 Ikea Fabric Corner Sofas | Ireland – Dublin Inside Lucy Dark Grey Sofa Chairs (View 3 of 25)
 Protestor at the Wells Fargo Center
━━━━━━━━
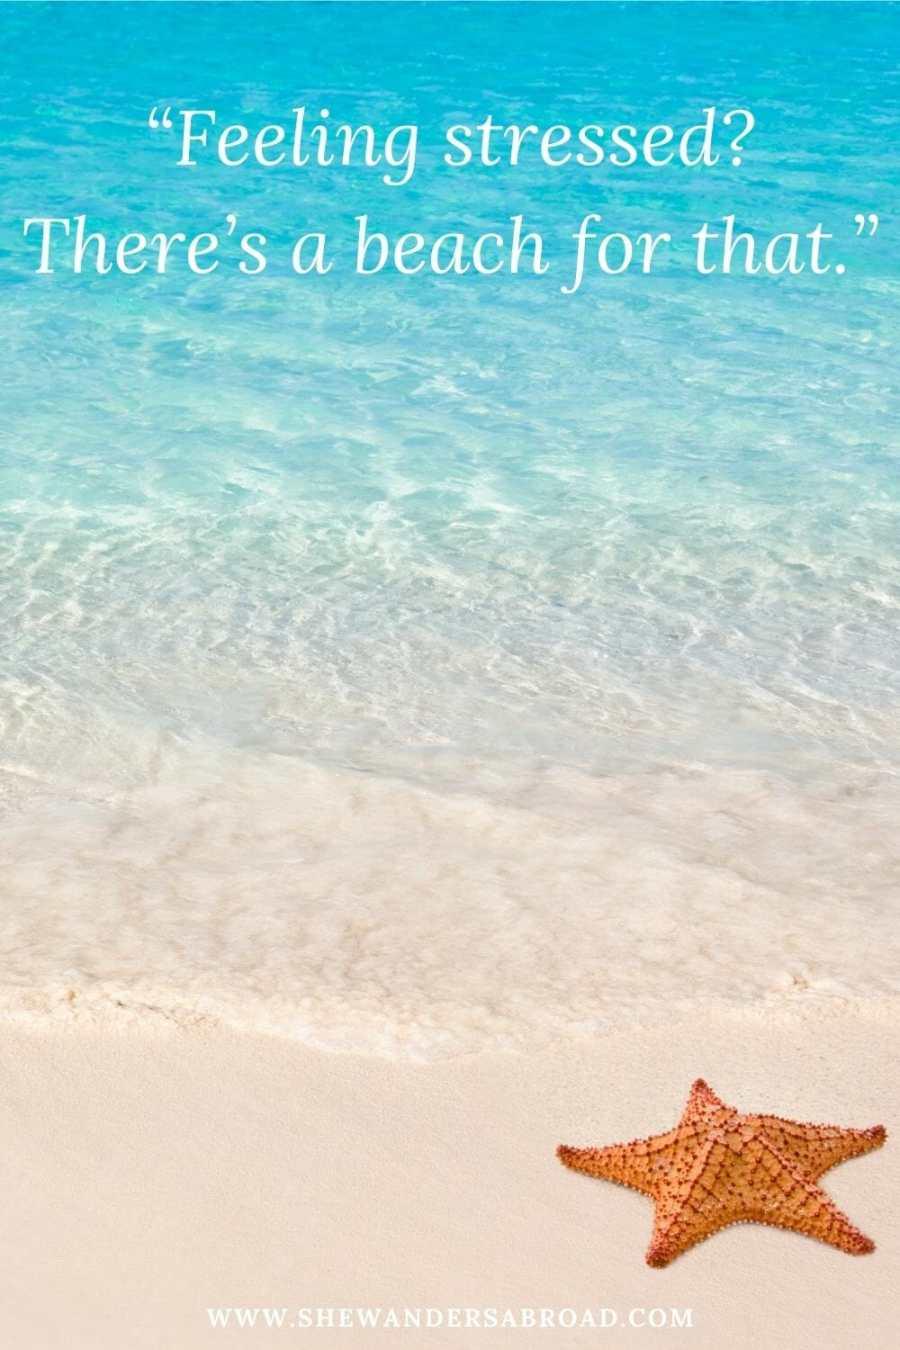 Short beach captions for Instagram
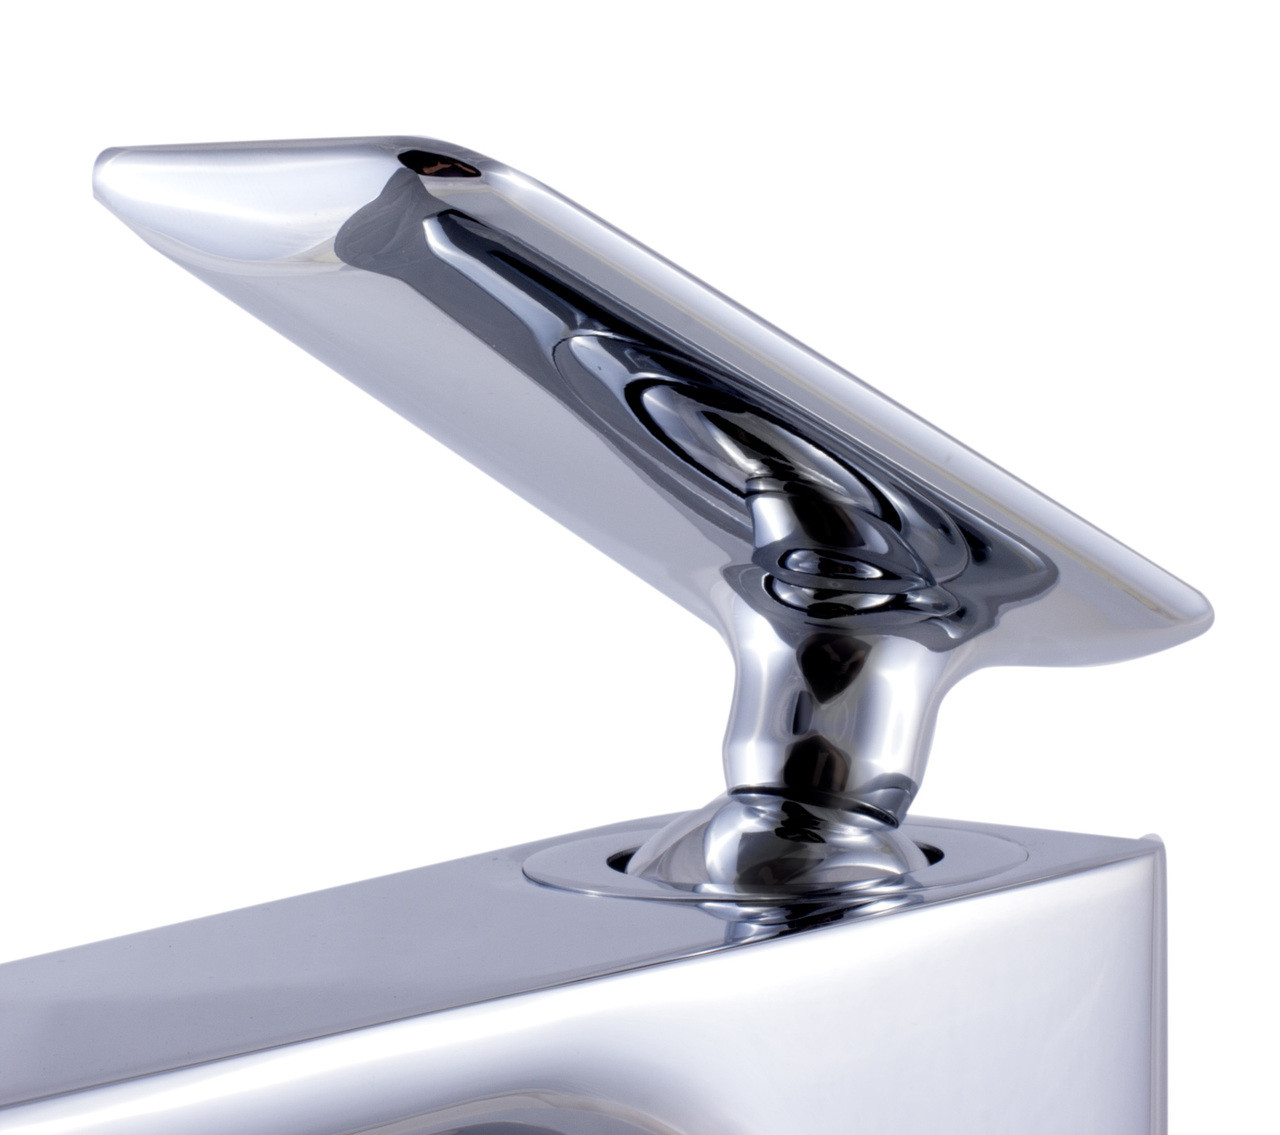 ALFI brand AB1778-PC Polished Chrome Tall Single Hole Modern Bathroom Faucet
━━━━━━━━
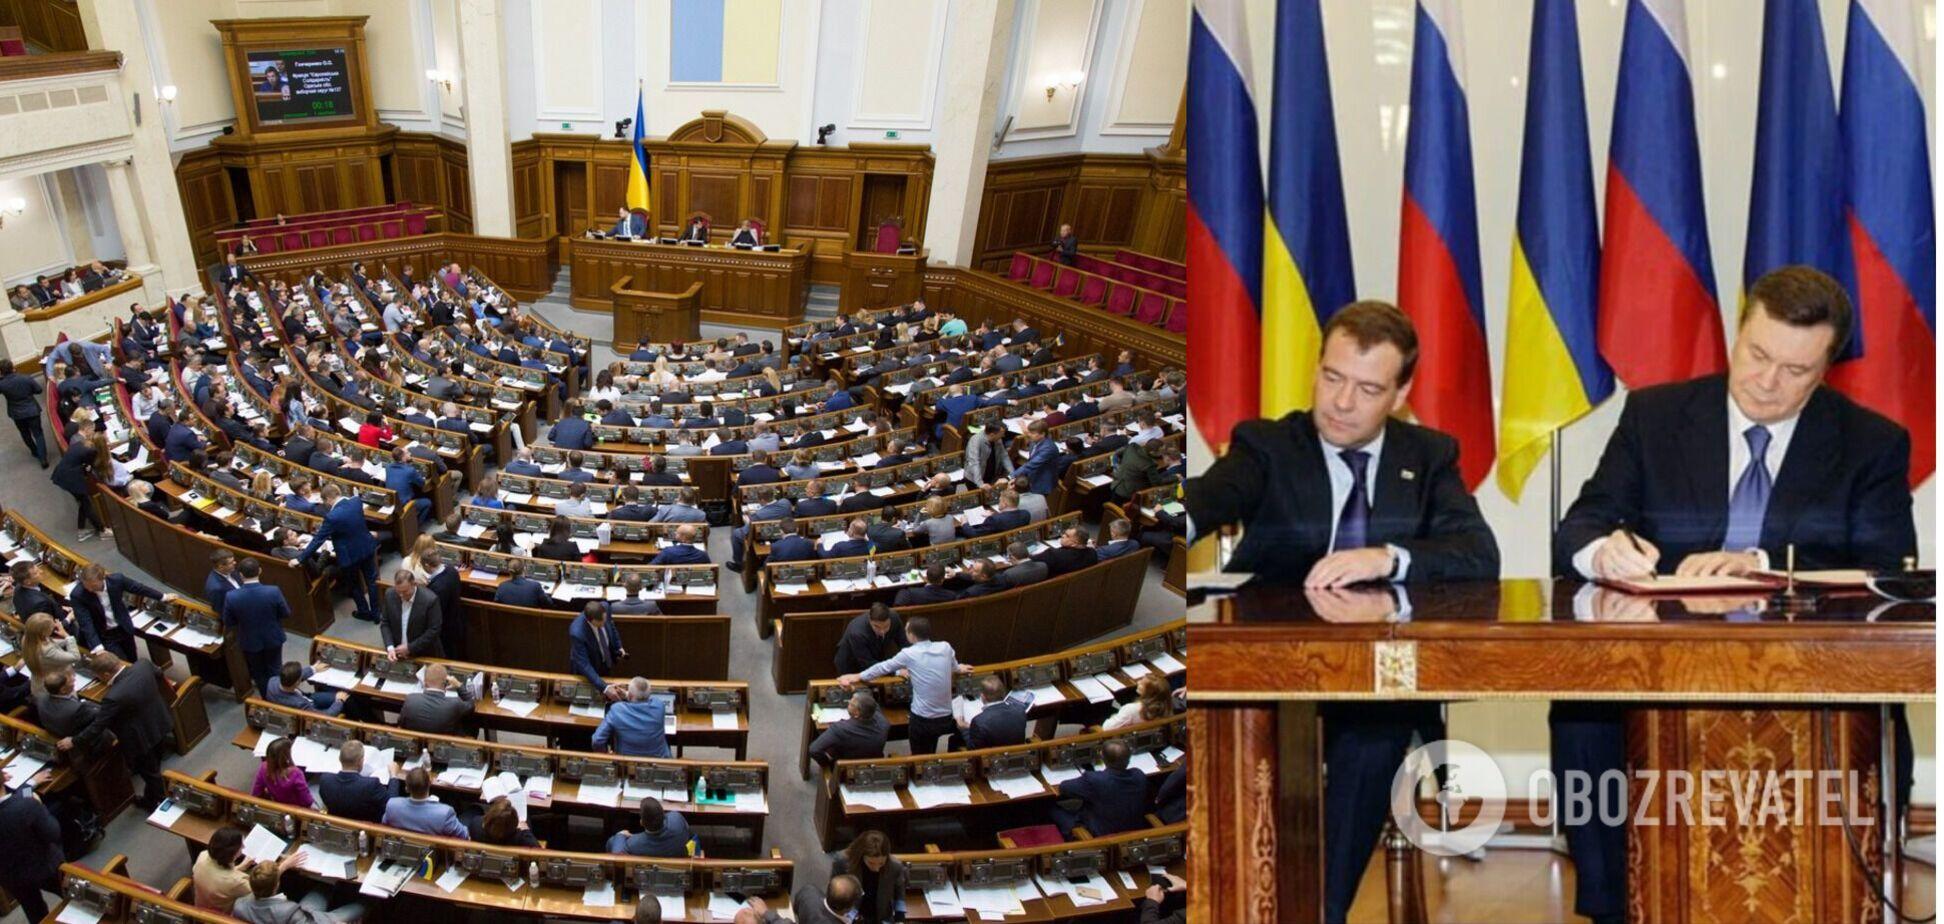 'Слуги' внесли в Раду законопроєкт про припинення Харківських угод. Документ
━━━━━━━━
■ What the task requires ■
From the line holding "Short beach captions for Instagram" to the line holding "ALFI brand AB1778-PC", both included, retype the entries above exactly and drop the pictures.

■ Response ■
 Short beach captions for Instagram
 ALFI brand AB1778-PC Polished Chrome Tall Single Hole Modern Bathroom Faucet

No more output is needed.